WORK ITEM — In the listing below, the lines starting at the line with "Une intime conviction" and ending at the line with "Breast Augmentation: Patient" are to be output verbatim. Images stay out of the copy.

PROVIDED RECORDS —
= Beginning of Section =

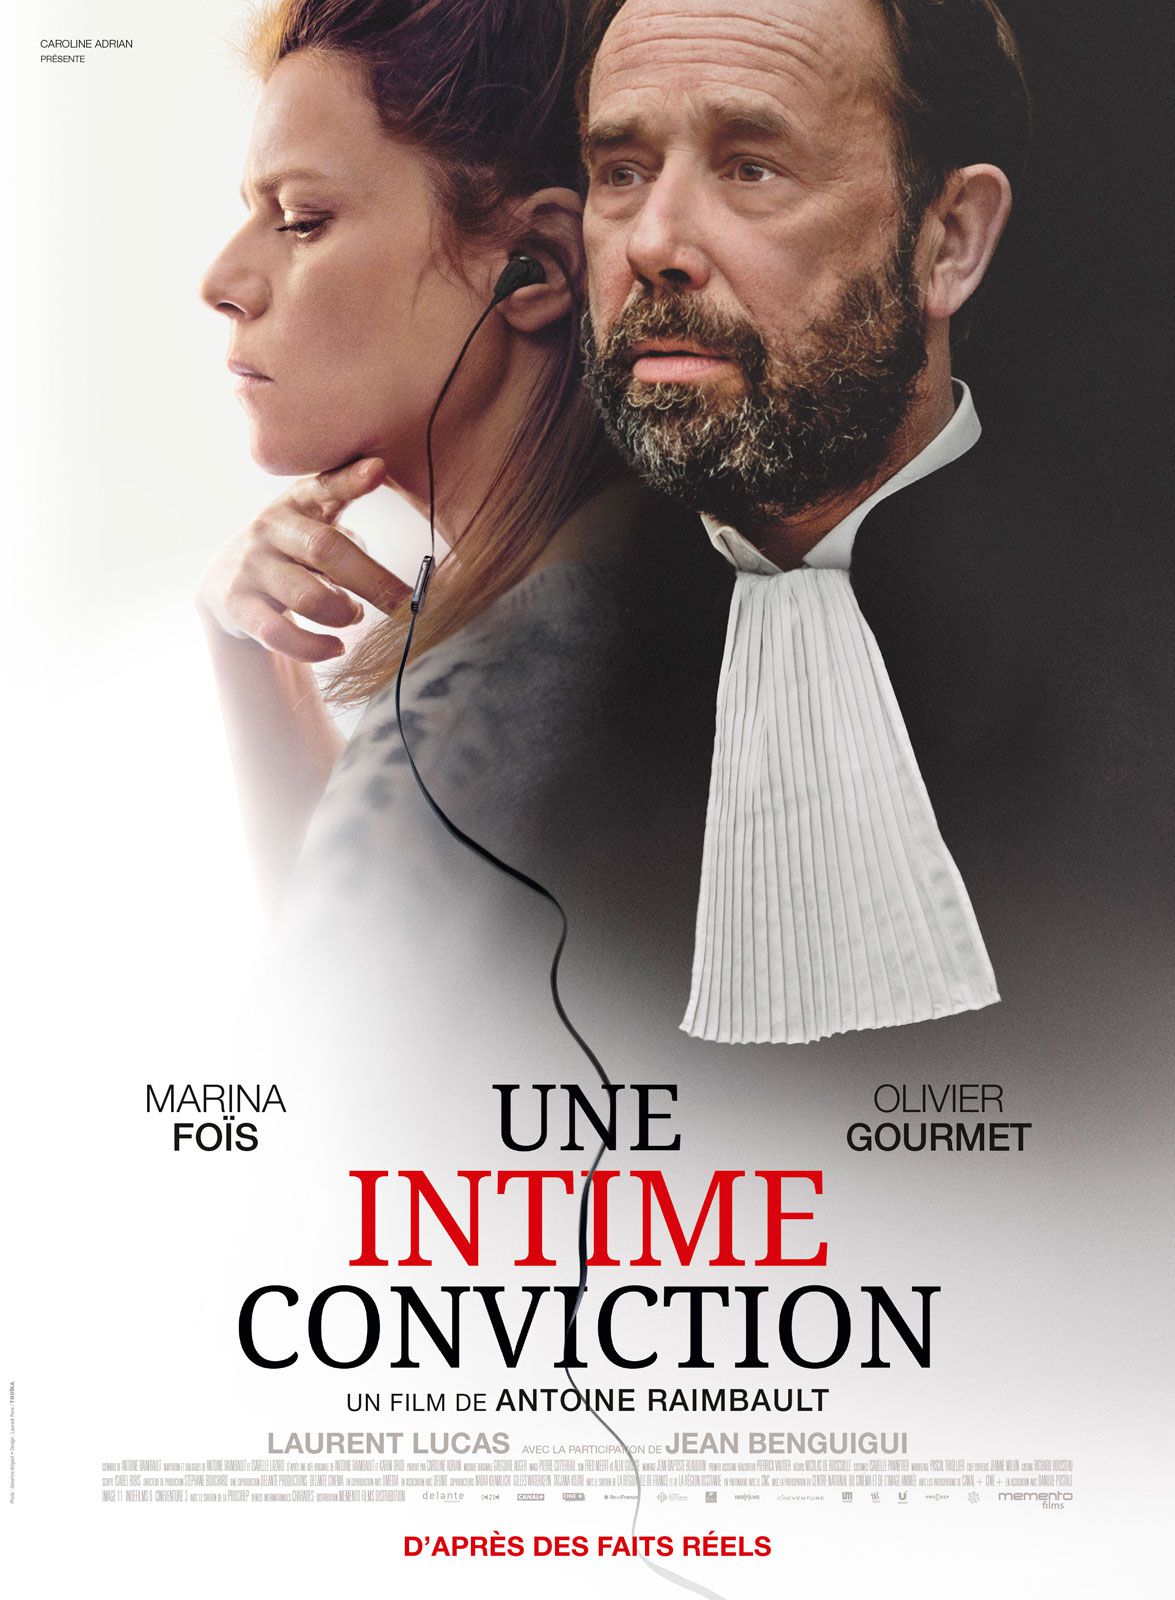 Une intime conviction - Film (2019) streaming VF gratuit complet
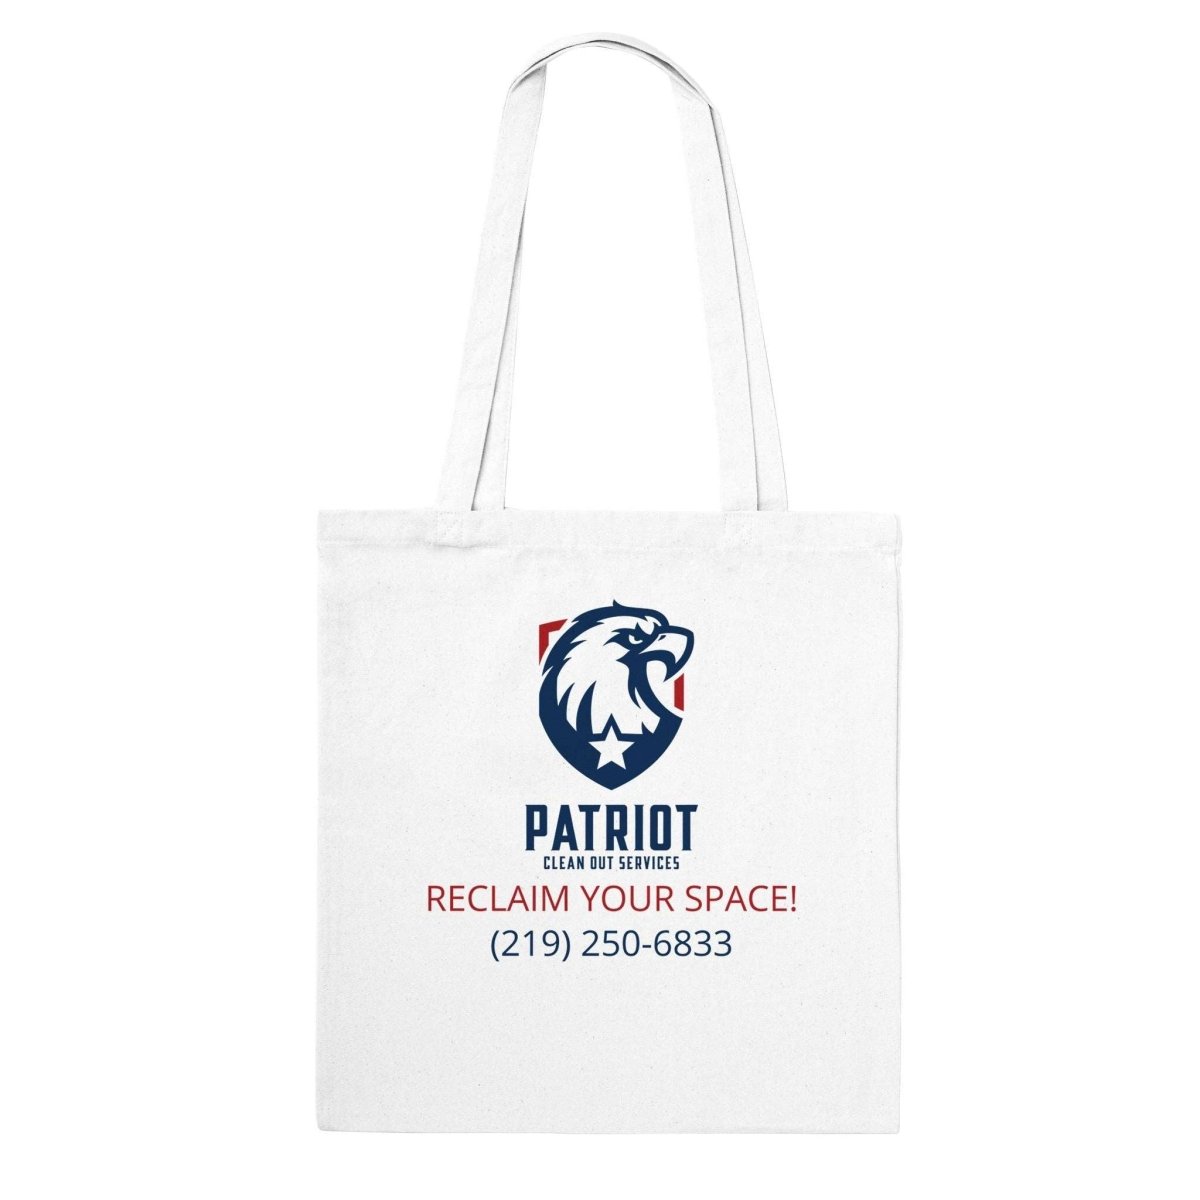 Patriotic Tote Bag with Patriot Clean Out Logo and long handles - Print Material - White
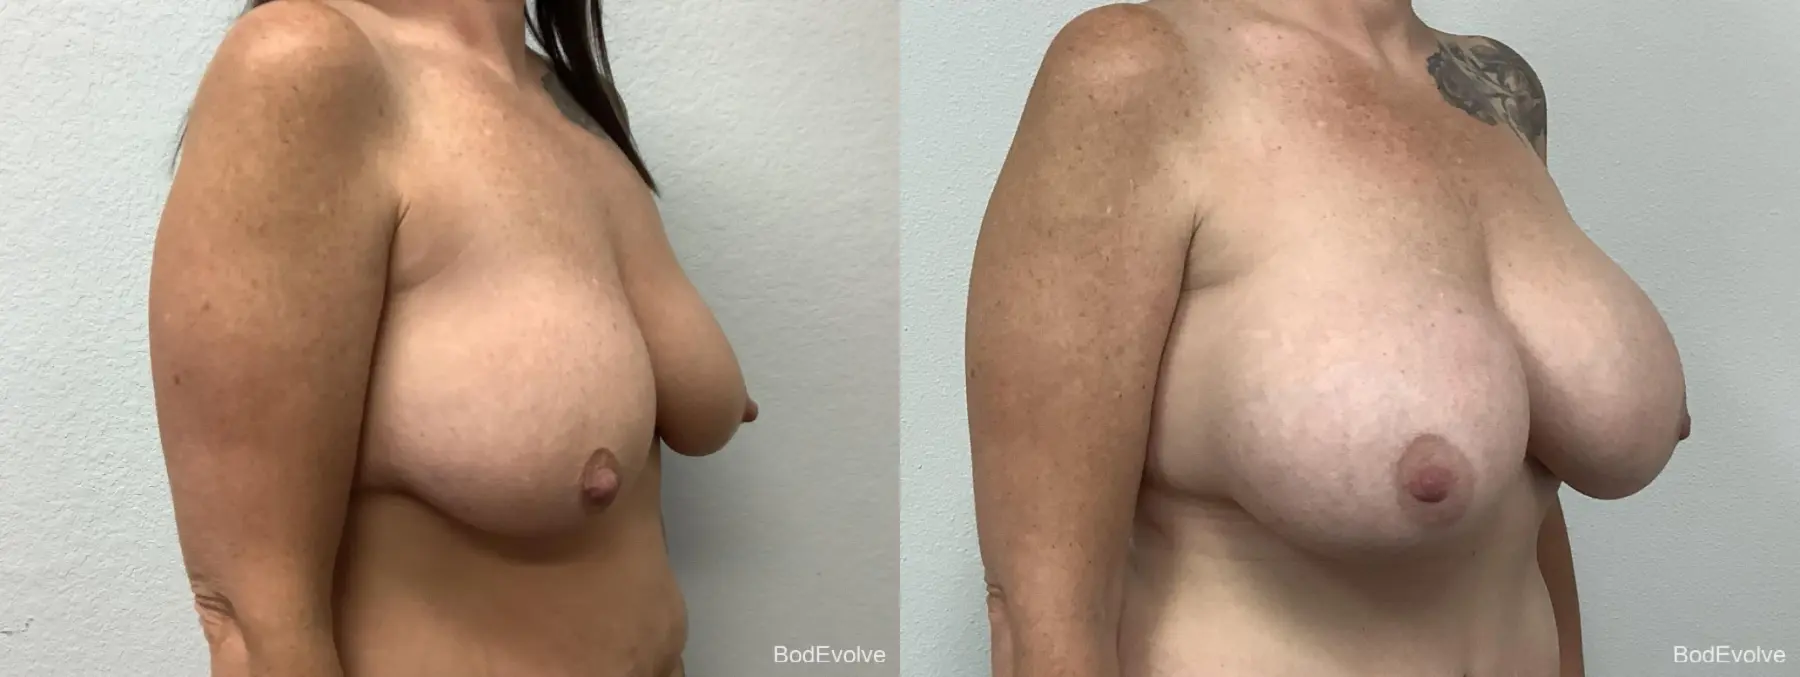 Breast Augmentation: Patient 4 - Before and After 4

= End of Section =
= Beginning of Section =

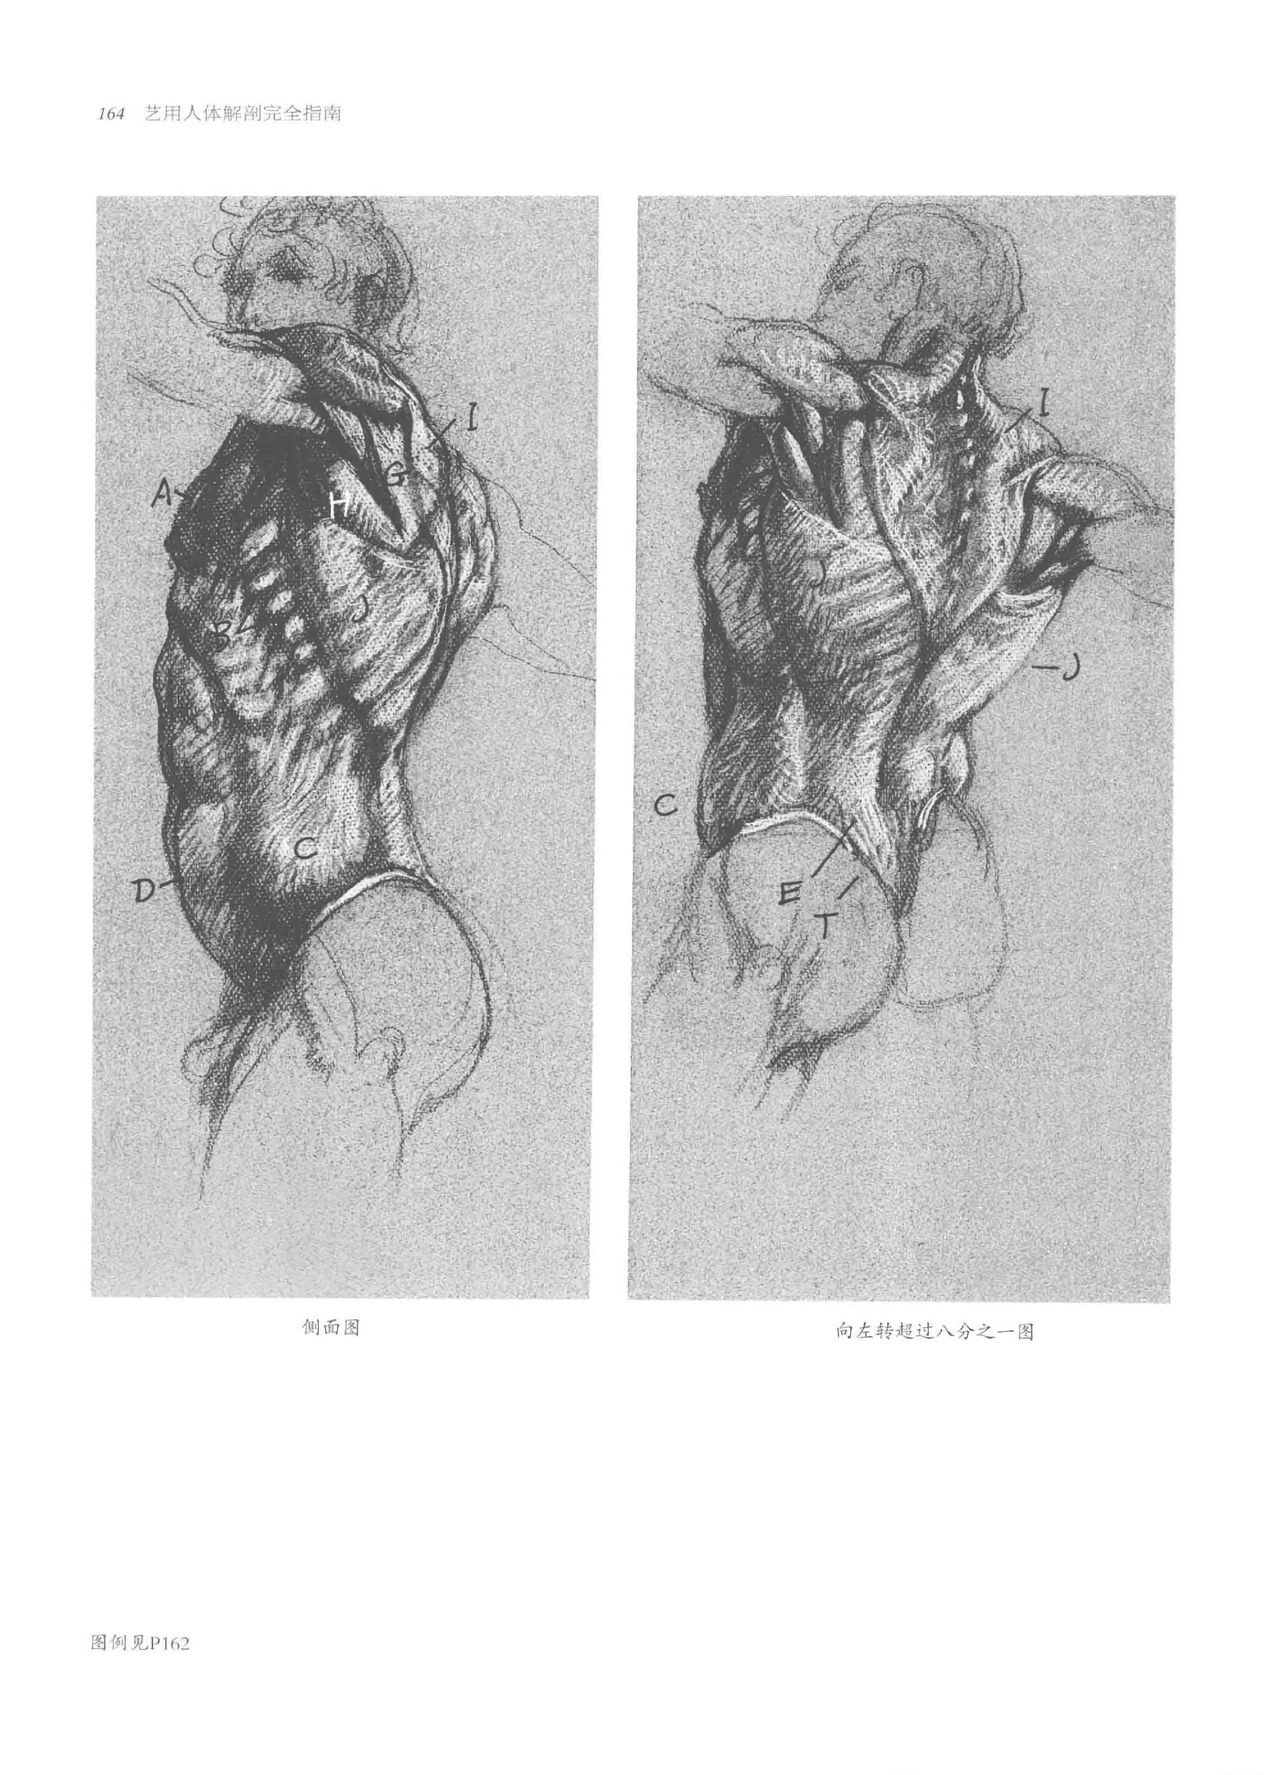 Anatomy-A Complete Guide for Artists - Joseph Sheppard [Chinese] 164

= End of Section =

ANSWER TO THIS TASK —
 Une intime conviction - Film (2019) streaming VF gratuit complet
 Patriotic Tote Bag with Patriot Clean Out Logo and long handles - Print Material - White
 Breast Augmentation: Patient 4 - Before and After 4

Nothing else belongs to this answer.